Een kostbare mislukking dreigt
Italië nationaliseert megastaalfabrieken
Michael Braun (1)
Staalfabriek in de stad Taranto, Zuid-Italië, wordt voor de derde keer genationaliseerd. De fabriek is één van de grootste van Europa en is door de regering in Rome onder staatstoezicht gebracht. Met als gevolg dat 8.000 banen in gevaar zijn.
Maandag 19 februari 2024 werd besloten de fabriek in Taranto onder de leiding te plaatsen van een door de staat benoemde commissaris. Daarmee werd de vorige particuliere meerderheidsaandeelhouder, het Indiaas/Franse ArcelorMittal, uit het bedrijf gezet.
Faillissement dreigt
Acciaierie d'Italia (ADI) is de naam van het bedrijf in kwestie. Tot nu toe heeft het megabedrijf ArcelorMittal daar een belang van 62 procent, terwijl de publieke sector via de staatsinvesteringsmaatschappij Invitalia al 38 procent in handen heeft. De directe buitenlandse investeringen hebben een hopeloos overmatige schuldenlast van ruim 3 miljard euro.
Alleen al de onbetaalde, maar opeisbare facturen aan leveranciers en onderaannemers bedragen ruim 500 miljoen euro.

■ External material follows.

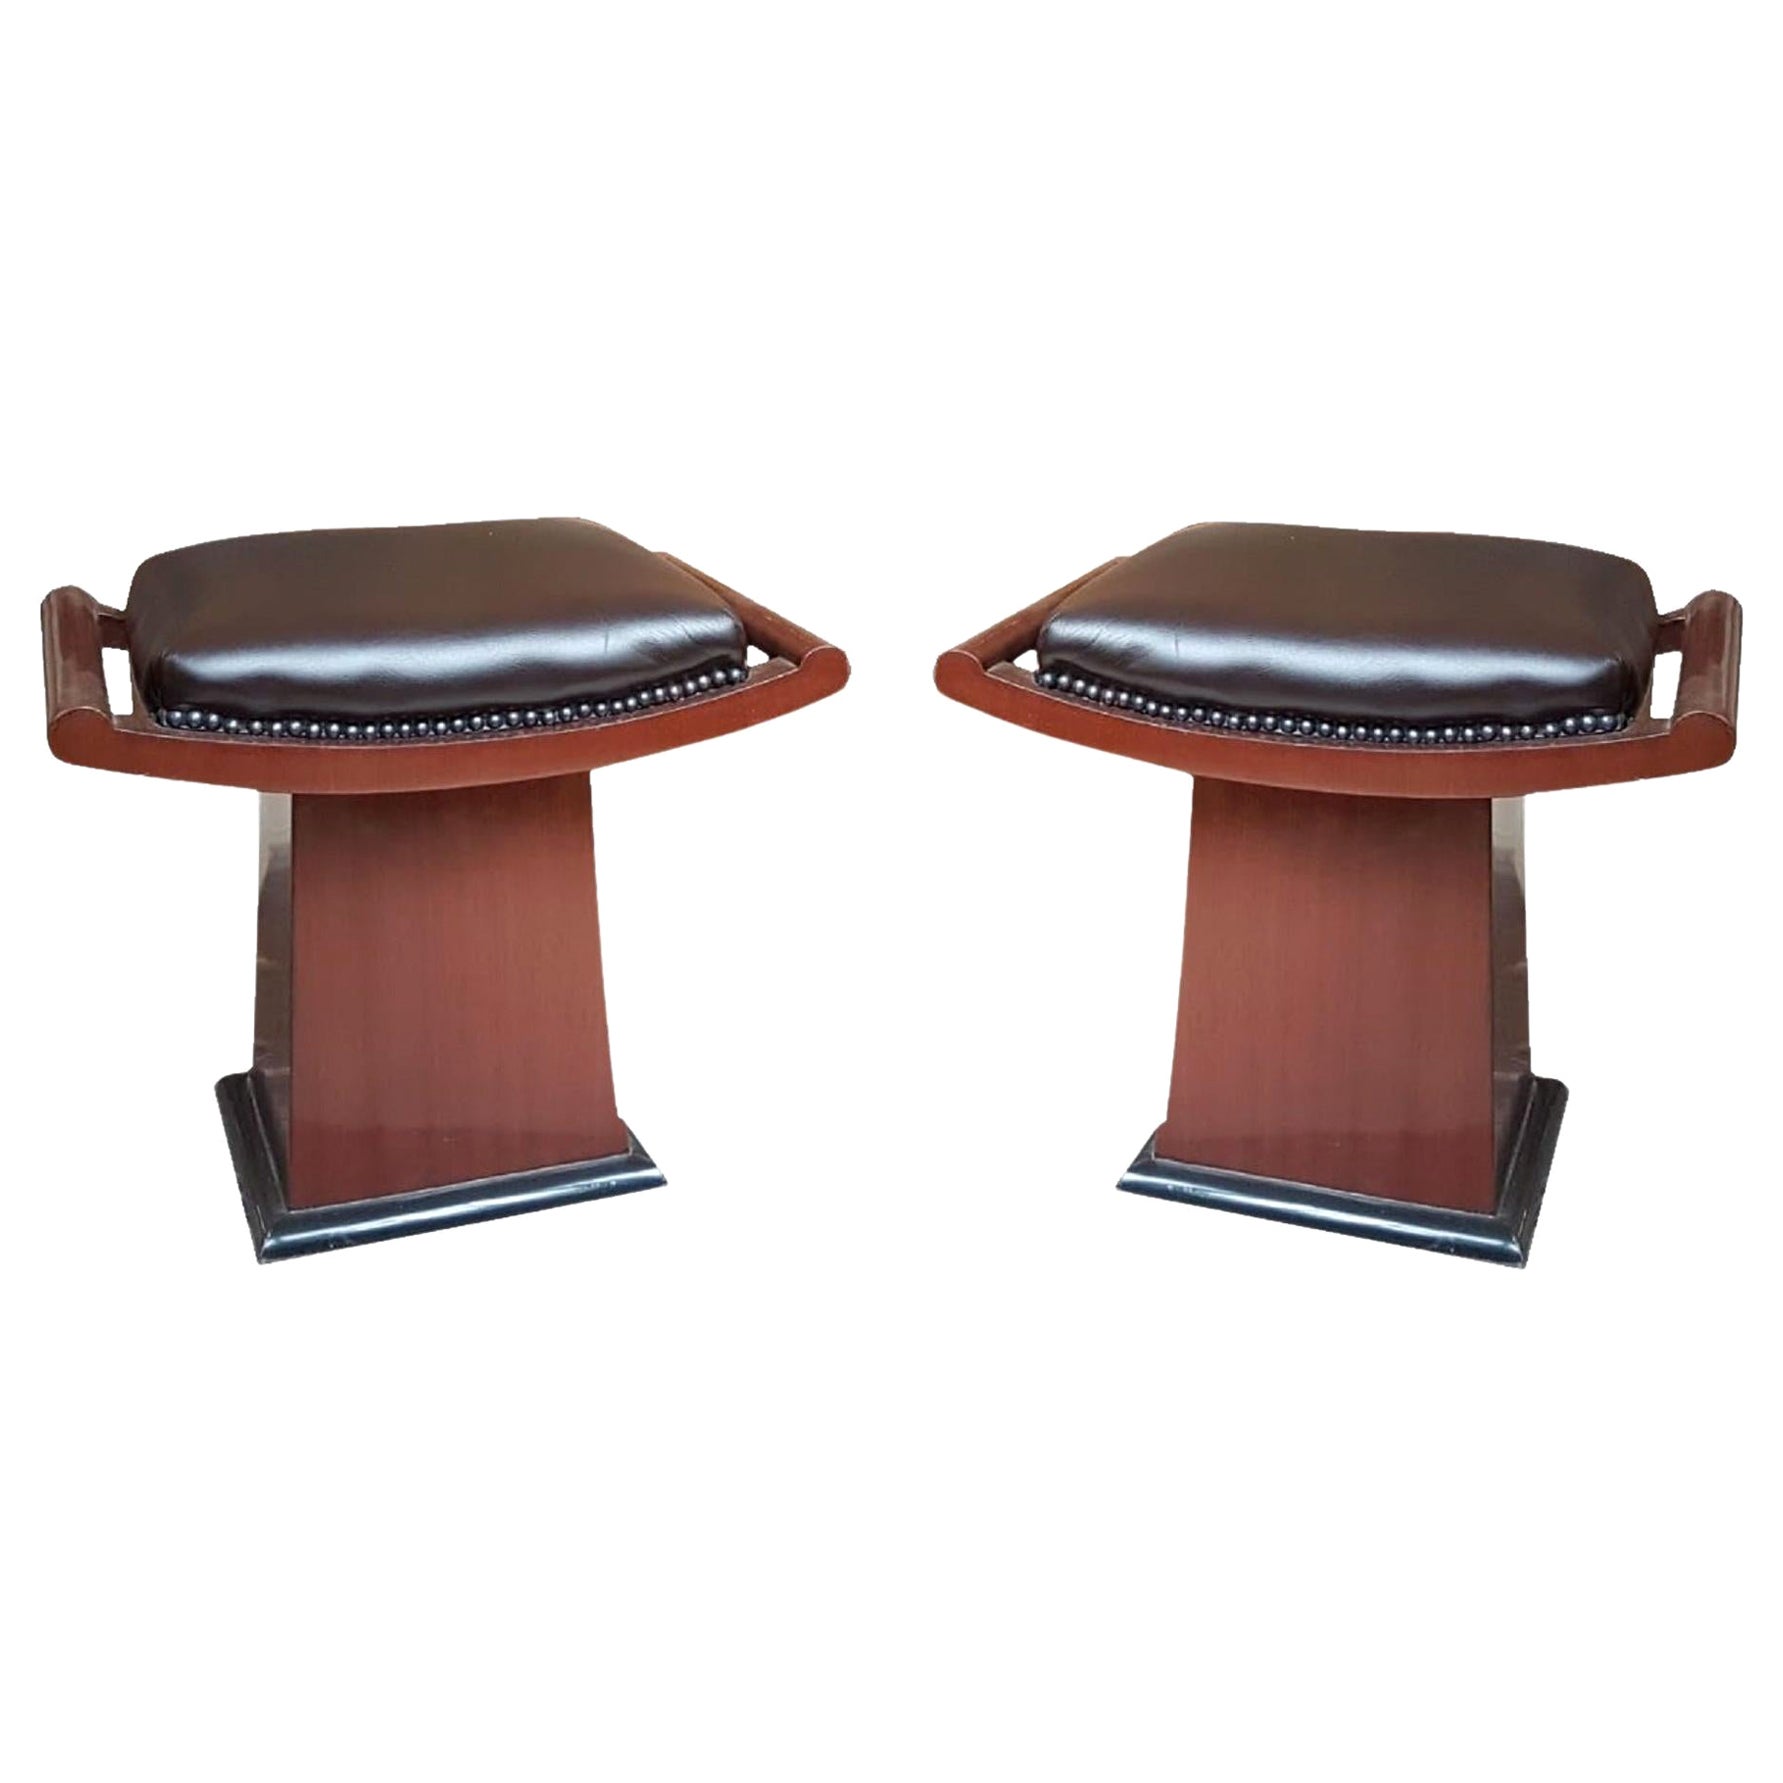 2 Amaizing Art Deco Stool in Leather and Wood, France, 1940 For Sale
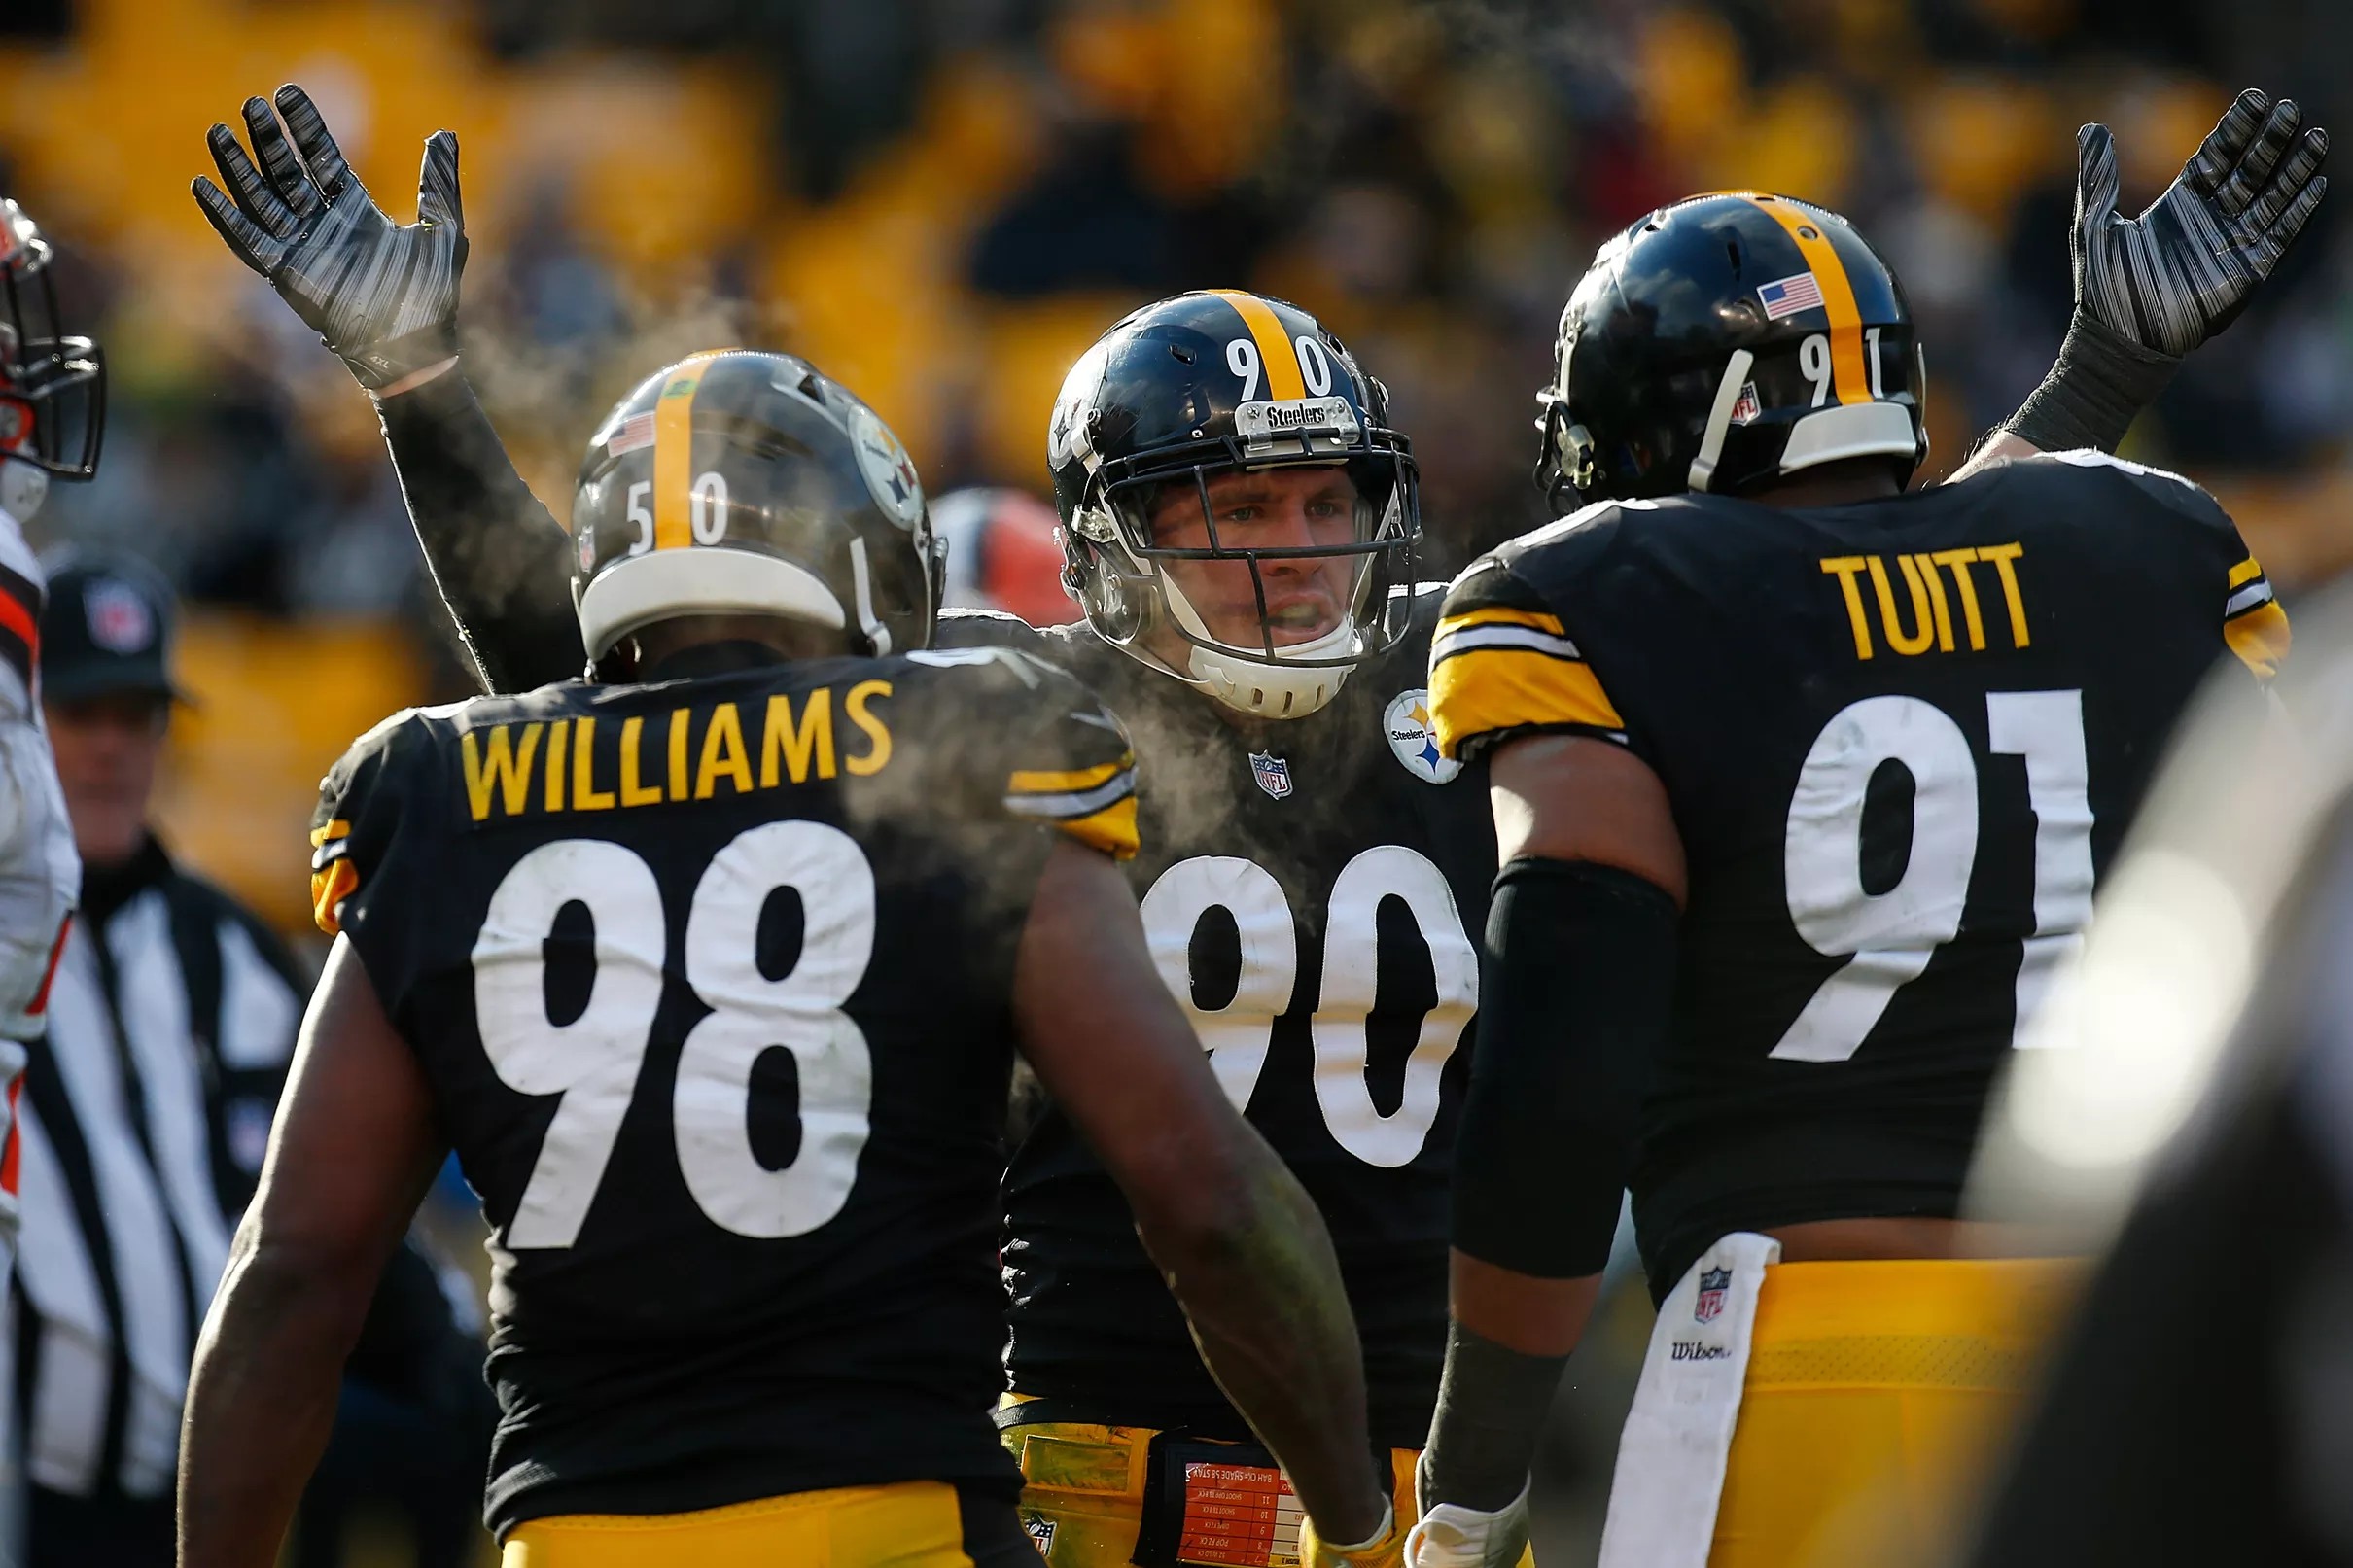 Steelers vs. Jaguars Preview Breaking down the Divisional game from

De afgelopen maanden heeft ADI niet betaald voor de gasleveringen en de talrijke transportbedrijven die het bedient. Eind februari 2024 zou er sprake zijn geweest van de dreiging van een definitief faillissement.
Als de staatscommissaris nu de fabriek in Taranto (en zeven andere kleinere ADI-locaties) overneemt, dan is het een 'déjà vu': voor de derde keer in zijn veelbewogen geschiedenis wordt het bedrijf staatseigendom. En voor de derde keer moet het zo snel mogelijk in de toekomst weer worden geprivatiseerd.
Giftige vervuiling
De fabriek in Taranto is in 1965 opgericht als een staatsbedrijf dat toebehoorde aan het beursgenoteerde bedrijf Italsider dat tot de jaren negentig het grootste deel van de staalproductie in het land controleerde. Taranto werd de grootste staallocatie van het land. Beginjaren tachtig werkten daar en bij de onderaannemers ruim 40.000 mensen.
In 1995 vond de privatisering plaats. De familie Riva nam het over in Taranto en zette voort wat was begonnen in de tijd van het staatsbeheer. De fabriek was in de arme regio economisch gezien nummer één, maar tegelijkertijd ook een ecologische ramp. Vooral het district Tamburi, gelegen direct achter de hoogovens en de cokesfabriek, werd het slachtoffer van een enorme milieuvervuiling. De eigenaren hadden daar geen problemen mee. Zelfs een simpele oplossing kwam niet bij hen op. Namelijk de bergen ijzererts en steenkool overdekken om te voorkomen dat de giftige stof bij een harde wind naar de woonwijken blies. Kostte geld .....
Ondertussen registreerden de gezondheidsautoriteiten in Taranto, en vooral in het Tamburi-district, aanzienlijk toegenomen aantallen ziekten en sterfgevallen als gevolg van tumoren, hart-, vaat- en ademhalingsziekten.
Geen succesverhaal
Deze milieu- en gezondheidsrampen leidden uiteindelijk tot het einde van het tijdperk van de Riva-familie. In 2012 beschuldigde het Openbaar Ministerie van Taranto de eigenaren een criminele organisatie te vormen en het milieu in gevaar te brengen vanwege de giftige stoffen en nam de hele fabriek in beslag. Dit betekende dat de staat weer terug was met de eerder aangestelde, voorlopige bestuurders die de opdracht kregen een andere particuliere investeerder te vinden. In 2017 won ArcelorMittal het contract met een bod van 1,8 miljard euro.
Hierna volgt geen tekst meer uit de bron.